October 6, 2015
Why are we so obsessed about surf contests as surf fans? What’s so attractive about seeing people paddling in the water while we are at the beach wishing we could be surfing that same wave in that exact same way? Why are we across the world, eyes fixed on the computer with our 5th espresso shots only to watch a little bit more about the contest? It seems like a weird obsession that isn’t even healthy.
Well, we watch it and wish we were in the water because it will never happen – we don’t have that talent, unfortunately. We are good, but we can’t do what they do. Surfing may seem like a random sport for some, but it isn’t as easy as it seems. Surfing is probably one of the hardest sport to learn, harder than skiing or snowboarding. This is probably why parents’ home school their kids so they can be in the water at the youngest age possible. Learning how the ocean works is part of the sport and it isn’t something anyone is able to. It takes time. You need to treat the sea with respect if you want the swells to come back at you. Some people even think it’s a crazy sport. ‘’Why would you go in the ocean when it’s freezing cold and dangerous? You know, there are sharks, right?’’. That’s the only thing people think about once they go at sea, when in fact, your chances are way higher to get hit by a car when you are crossing the road of your house. Being attacked by a shark like Mick Fanning doesn’t happen often and (hopefully) won’t happen again, but being born as a pro surfer for your destiny plan doesn’t happen often neither. You are the lucky one, getting to surf wonderful places around the world, but this isn’t all about beers and fun time. You need to stop that voice inside your head that tells you it’s dangerous, you need to go in the freezing snow to catch some waves, you need to be aware of your surroundings and you need to focus on your goals and stop drinking that beer. Surfing is more than a sport, it’s an art. Have you ever seen someone dance so beautifully on the water than surfers? I haven’t.

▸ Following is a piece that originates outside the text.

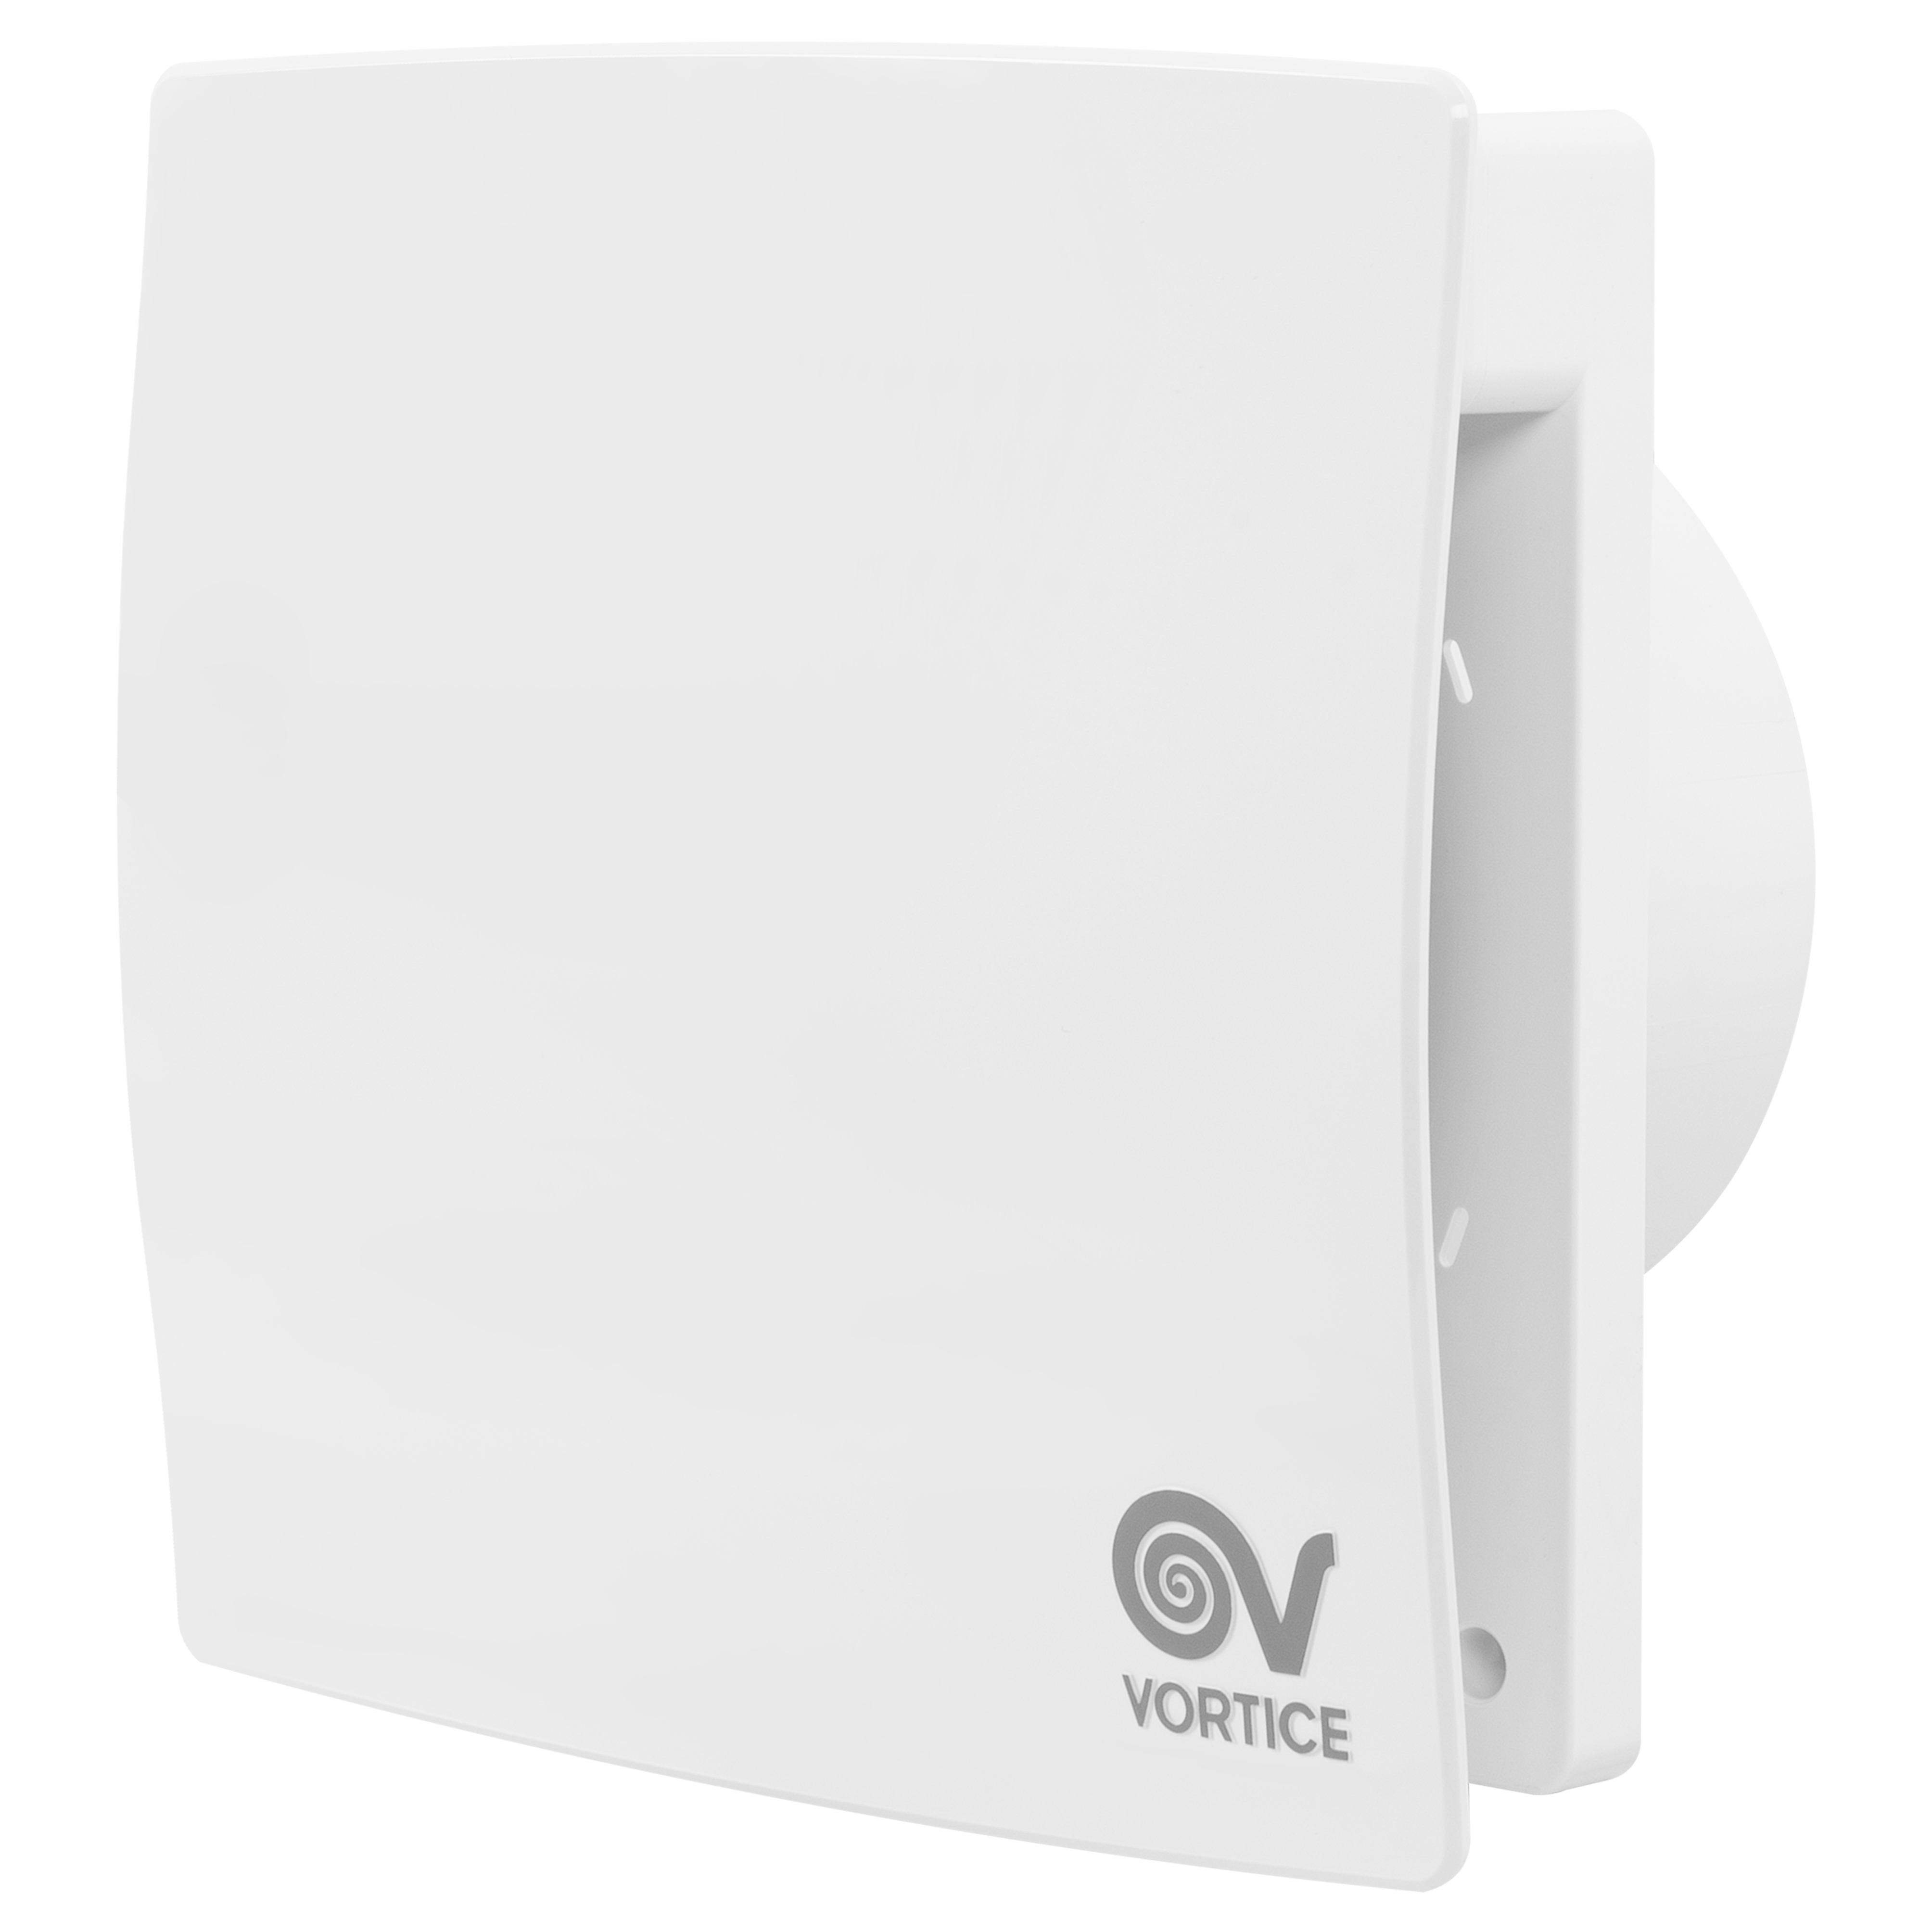 Купить вентилятор vortice на подшипниках Vortice MEX 120/5" LL 1S в Киеве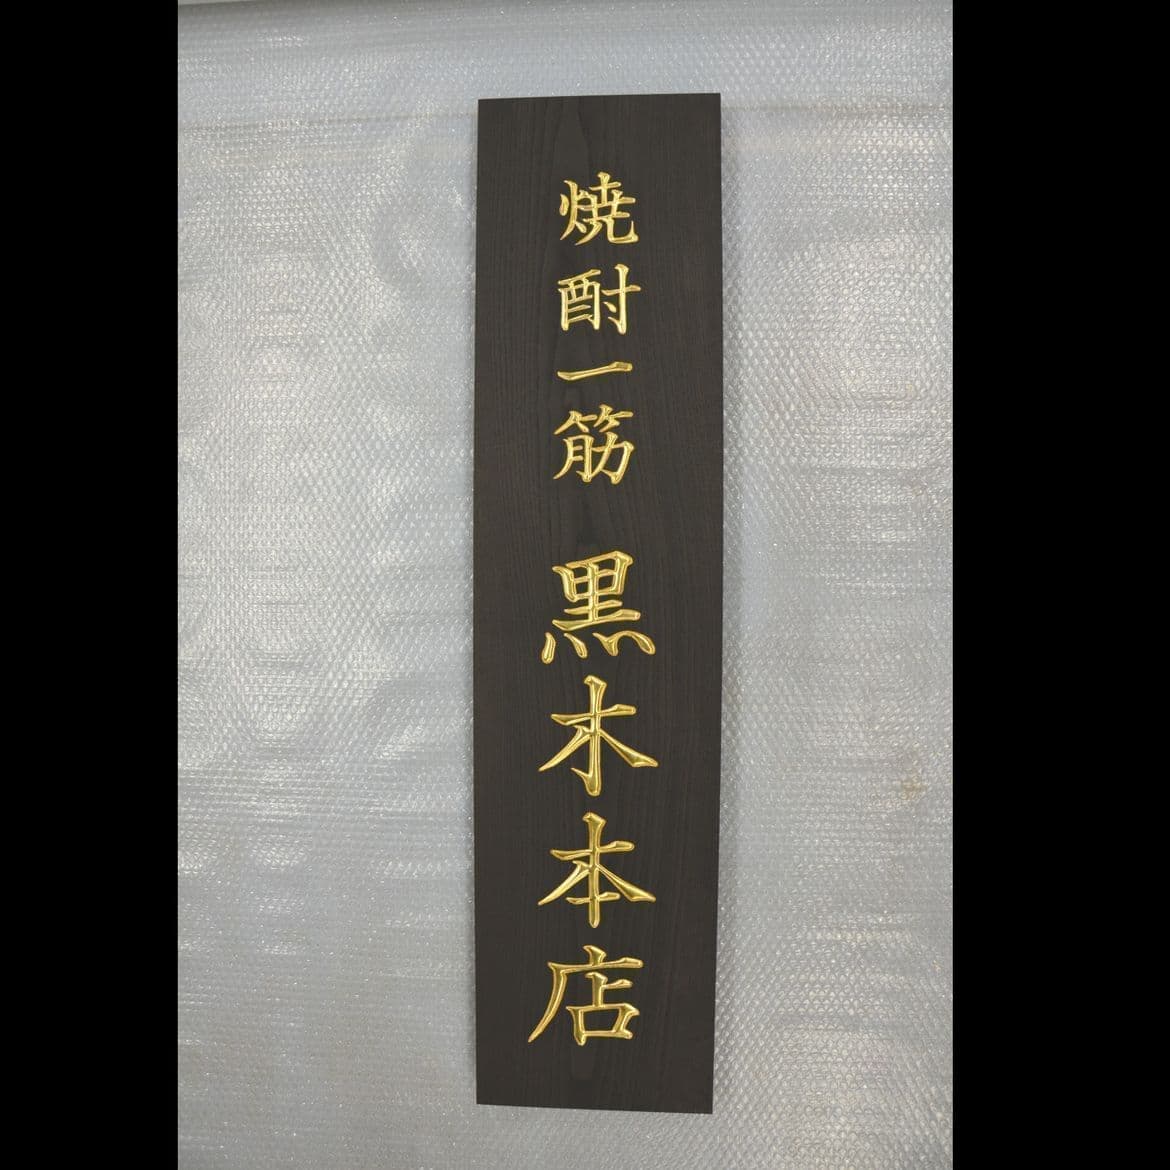 黒い木の板に金文字で社名が彫刻されている表札、看板

The Quicksilver Pro France started today and we are excited to watch it with our espresso shot. The year I was born in, Rob Machado won at the Rip Curl Pro Landes. It was the second year of the contest in France, while the first year the Brazilian Flavio Padaratz won against Kelly Slater. It has been a while, isn’t? It started 20 years ago and until these days, nature still offers us perfect swells so surfers can compete to get the best scores. Will John John Florence keep his 2014 title and win again this year? Will the weather be good while they announce lots of wind and small waves? Will the contest be on standby due to bad surf condition, forcing surfers to explore the French culture with the help of red wine? Will Dane Reynold win the contest (he has a wildcard, if you weren’t aware of it) and donate all his prize money to charity, as announced via Instagram?
We simply need to wait and see it. If there is something we have to remember about that surf location though is that it’s really challenging and change quickly, surfers need to be able to adapt themselves easily while being patient with waves.